Privacy Preserving Measurement
- Abhishek Tiwari
- Research
- 10.59350/fnpfz-3v466
- Crossref
- October 1, 2024
Table of Contents
In 1982, Andrew Yao proposed the Millionaire Problem which discusses how two millionaires can learn who is richest one without disclosing their actual wealth. They solve this problem by comparing their wealth using secure two party computation to ensure that they learn only the richest one and nothing else is revealed. The problem was later generalised for secure multiparty computation by Goldreich et al in 1987.

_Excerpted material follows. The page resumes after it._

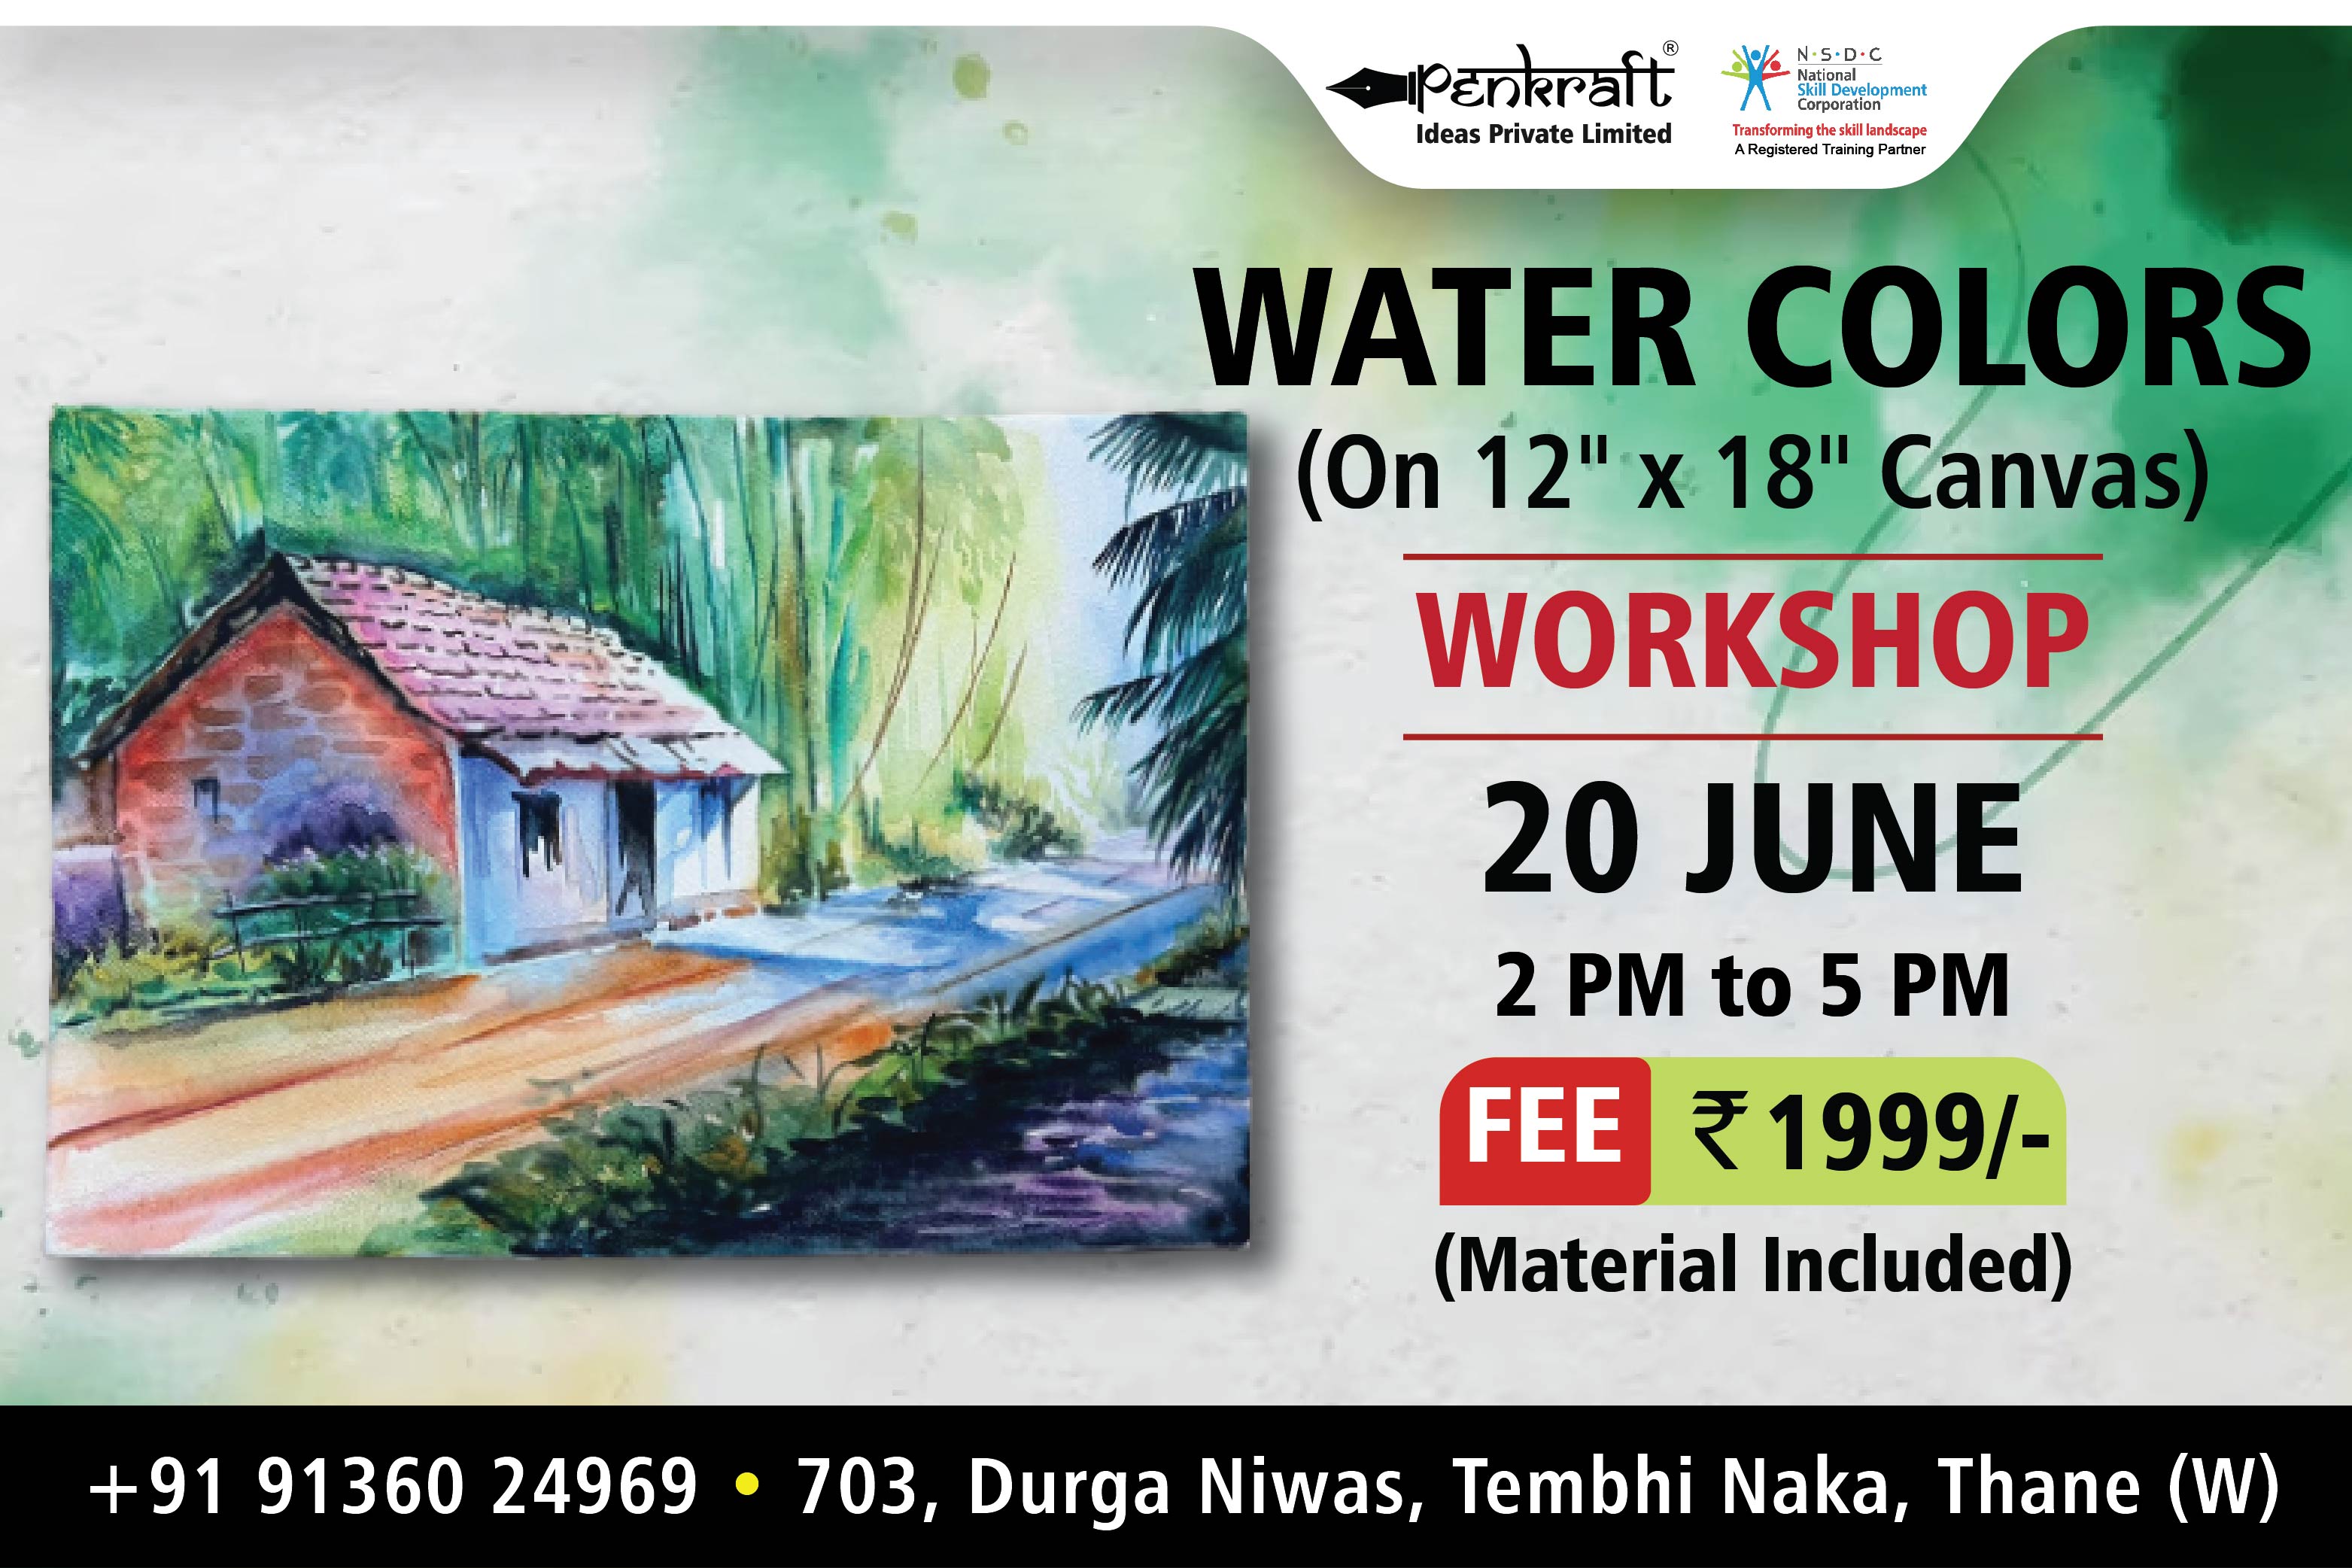 PENKRAFT WATER COLOR PAINTING ON CANVAS WORKSHOP!

Privacy Preserving Measurement (PPM) can be considered as an extension of Millionaire problem. PPM refers to a set of techniques and protocols that allow useful statistics and insights to be derived from data without exposing individual-level information. When combined with formal privacy guarantees like differential privacy, PPM enables organizations to perform analytics and measurement in a privacy-preserving manner.
In this post, we’ll explore the key concepts behind PPM, how it works in practice, and how differential privacy enhances its privacy protections. We’ll also look at some real-world applications and the future potential of this technology.
Need
Traditional approaches to data analytics typically involve collecting raw user data in a central location for processing. This creates a variety of privacy and security risks. Sensitive personal information could be exposed in a data breach. Insiders with access to the data could misuse it. The centralized data set becomes an attractive target for hackers. Users have limited visibility into how their data is being used. It’s difficult to prevent the data from being repurposed for unintended uses.
PPM aims to enable useful measurement and analytics while avoiding these pitfalls. The core idea is to structure data collection and processing in a way that useful aggregate insights can be extracted without needing access to individual-level data. PPM allows aggregate statistics to be computed without exposing raw user data, preventing the linking of data points to specific individuals, giving users more control over how their data is used, reducing the security risks associated with centralised data collection, and enabling privacy-preserving collaboration between multiple parties.
Key Concepts
A few core concepts and techniques form the foundation of PPM model.
Secure Multi-Party Computation (MPC): This refers to cryptographic protocols that allow multiple parties to jointly compute a function over their private inputs, without revealing those inputs to each other. In the context of PPM, MPC allows multiple data holders to collaborate on computing aggregate statistics without sharing raw data. MPC should ensure the following two properties : (i) input privacy, i.e., parties’ inputs should remain private and only the output of the function is learned; and (ii) correctness, i.e., even if some parties maliciously act, the correct output is obtained.
Homomorphic Encryption: This is a form of encryption that allows computations to be performed on encrypted data without decrypting it first. It enables a party to perform analytics on encrypted user data without accessing the underlying plaintext.
Secure Aggregation: This refers to techniques for combining inputs from multiple parties in an encrypted or cryptographically secure way, such that only the final aggregate result is revealed.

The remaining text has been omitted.